Problem requirements
Restate word for word all of the lines below, with each image left out.
[Opening Recorded data section]
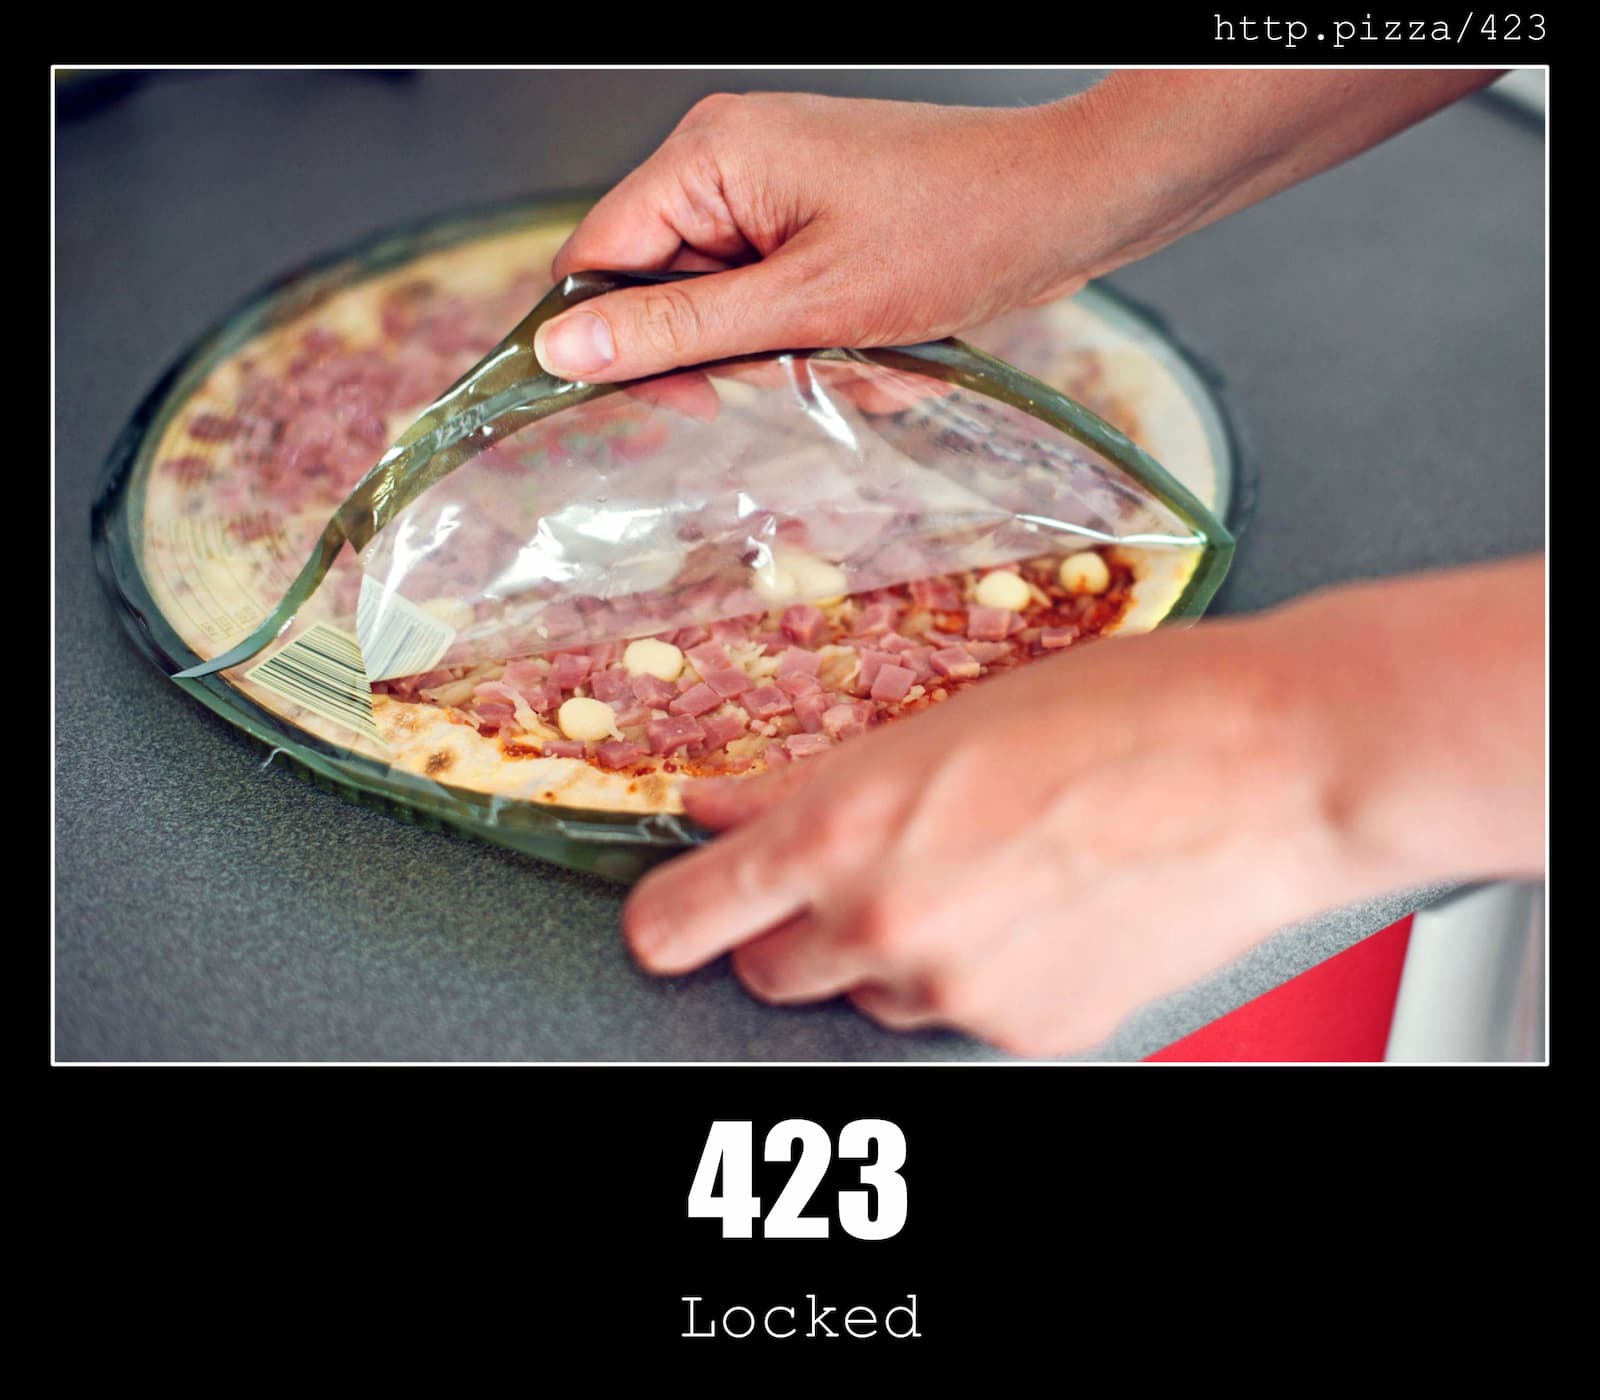 HTTP Status Code 423 Locked & Pizzas
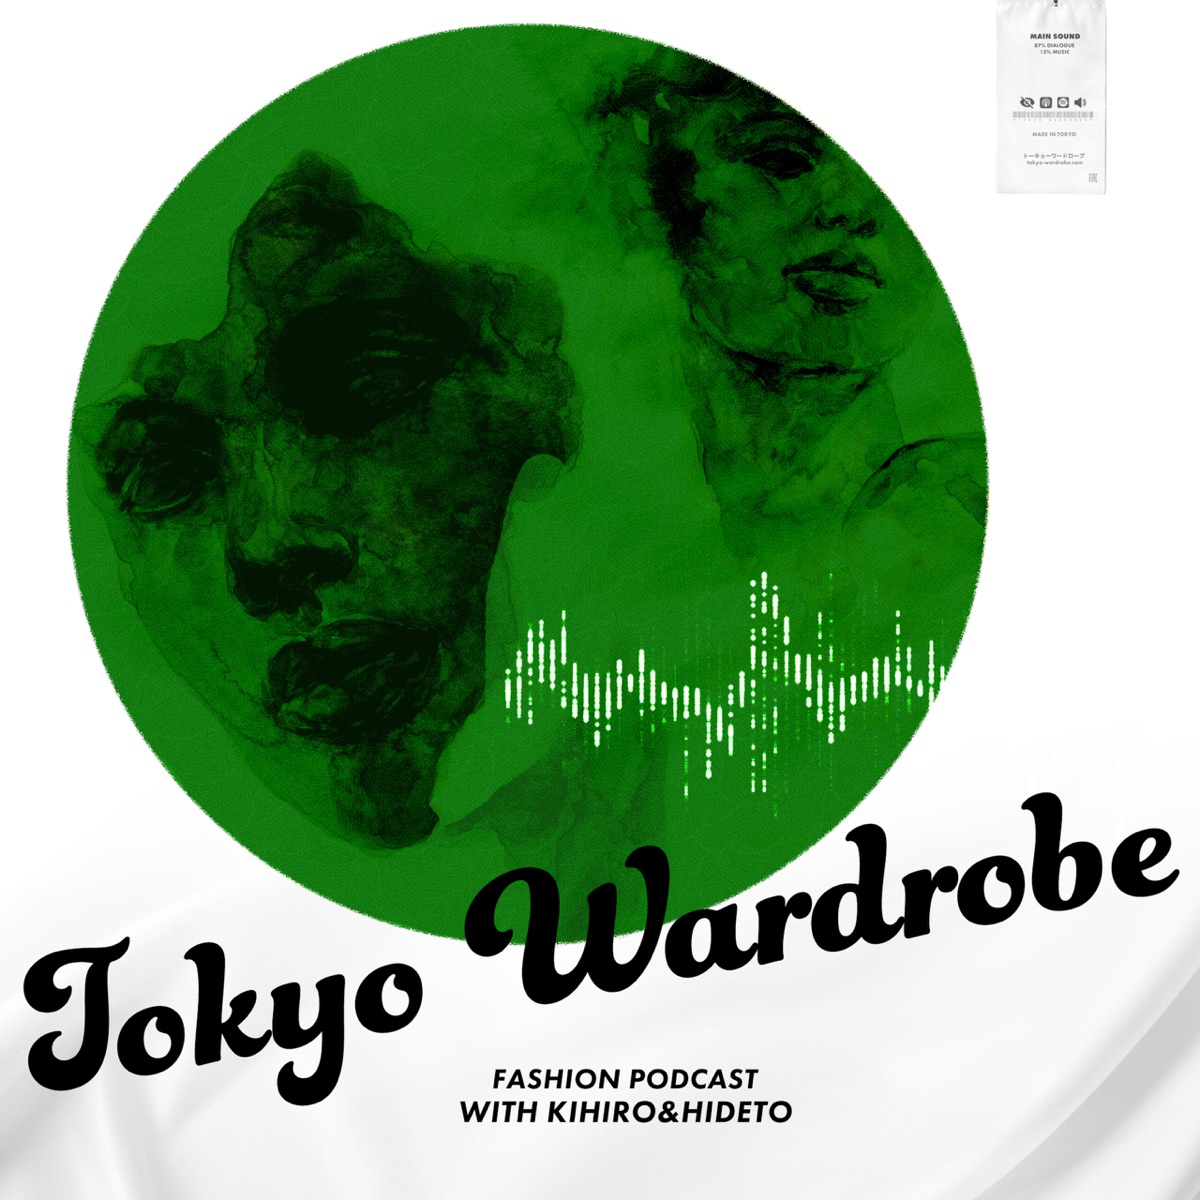 Tokyo Wardrobe Podcast Podtail
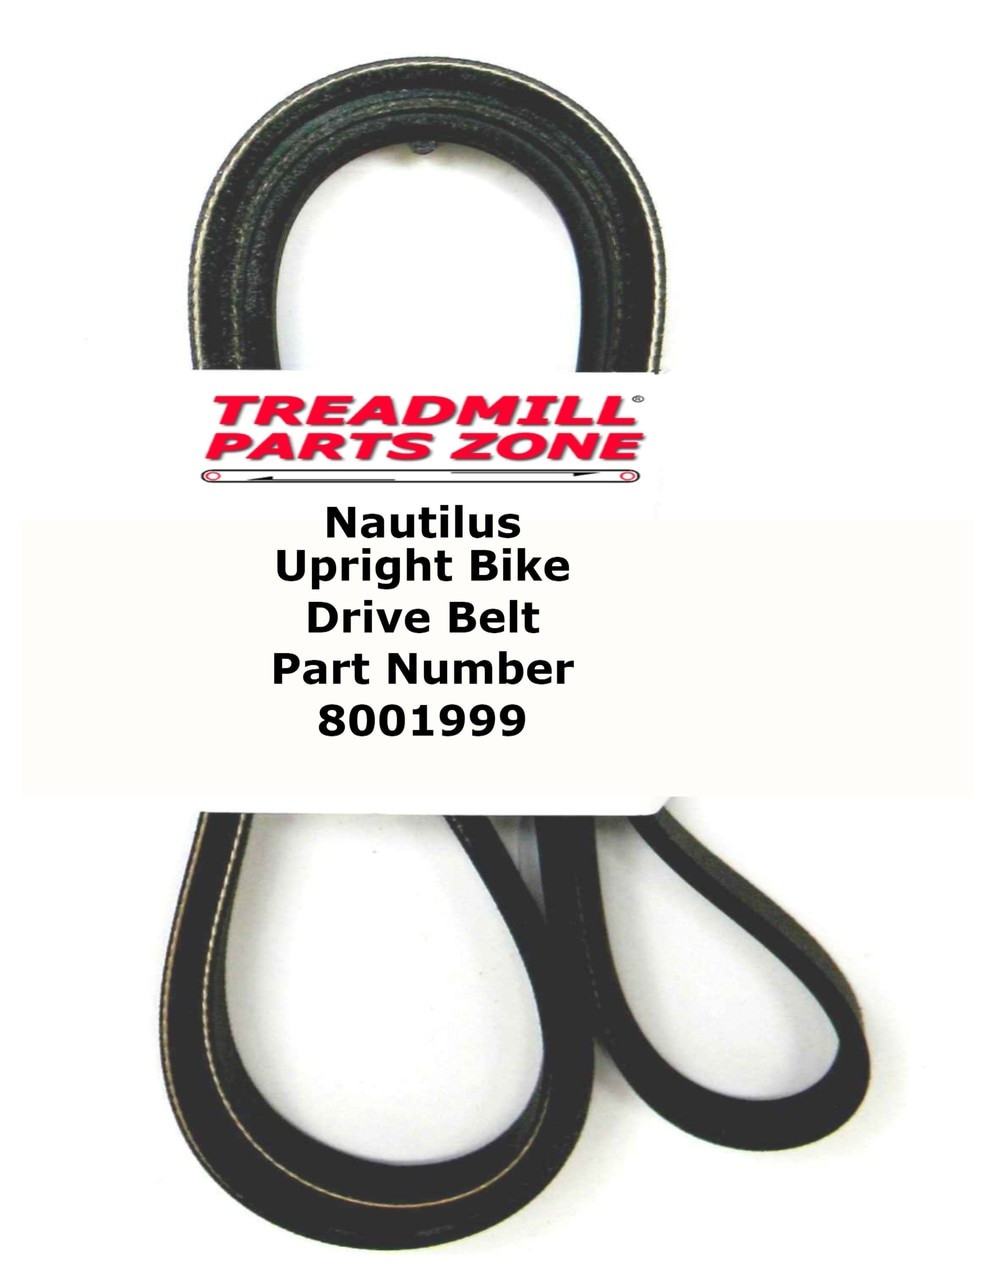 Nautilus Upright Bike Model U684 Drive Belt Part Number 8001999
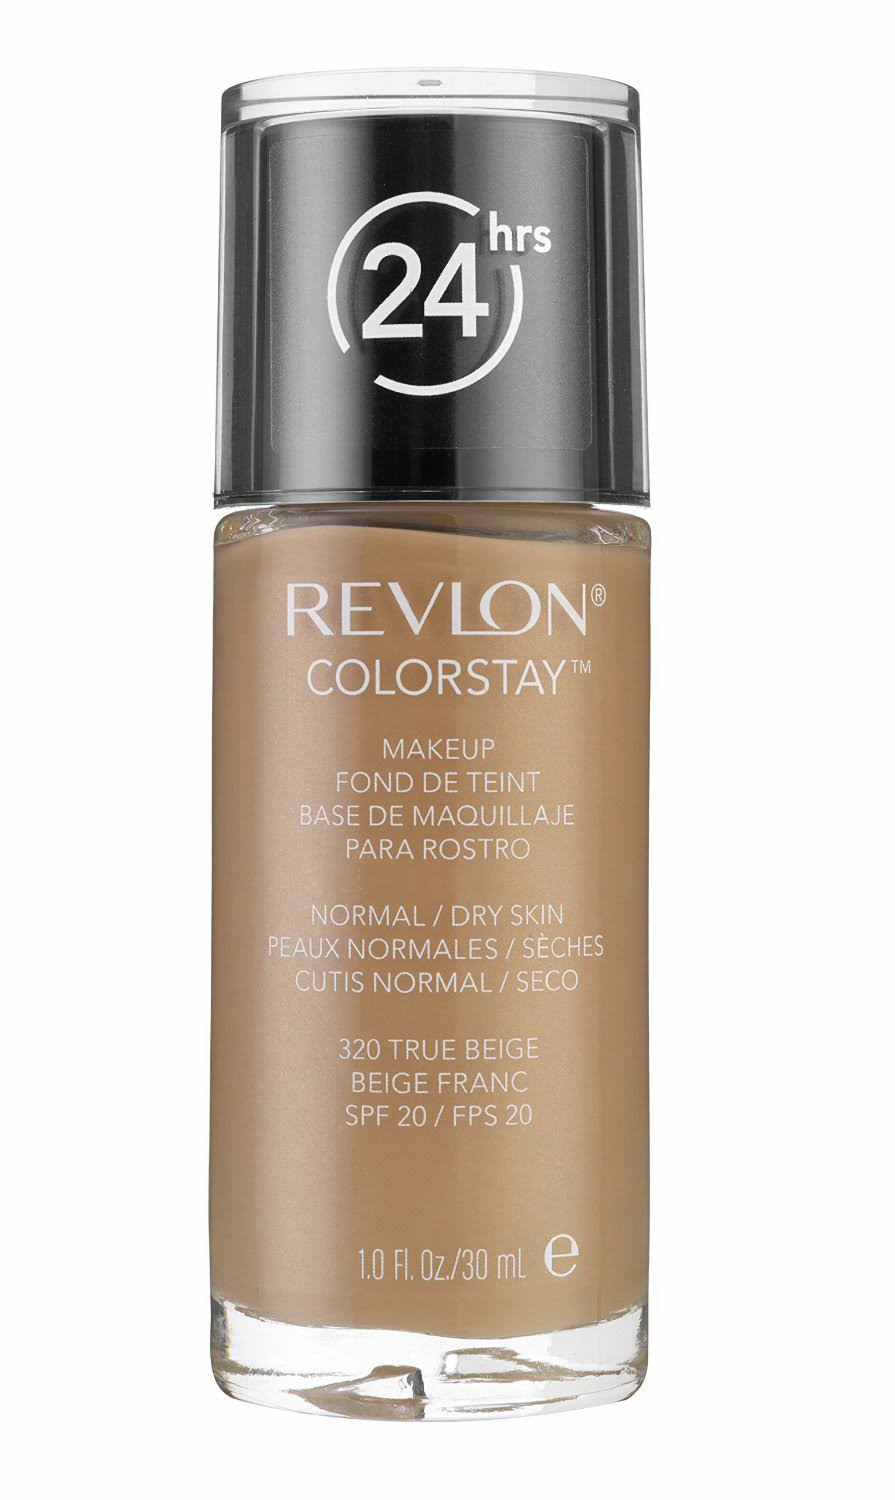 Revlon Colorstay Makeup for Normal/Dry Skin - Natural Tan
[Closing Recorded data section]
Exercise result
 HTTP Status Code 423 Locked & Pizzas
 Tokyo Wardrobe Podcast Podtail
 Nautilus Upright Bike Model U684 Drive Belt Part Number 8001999
 Revlon Colorstay Makeup for Normal/Dry Skin - Natural Tan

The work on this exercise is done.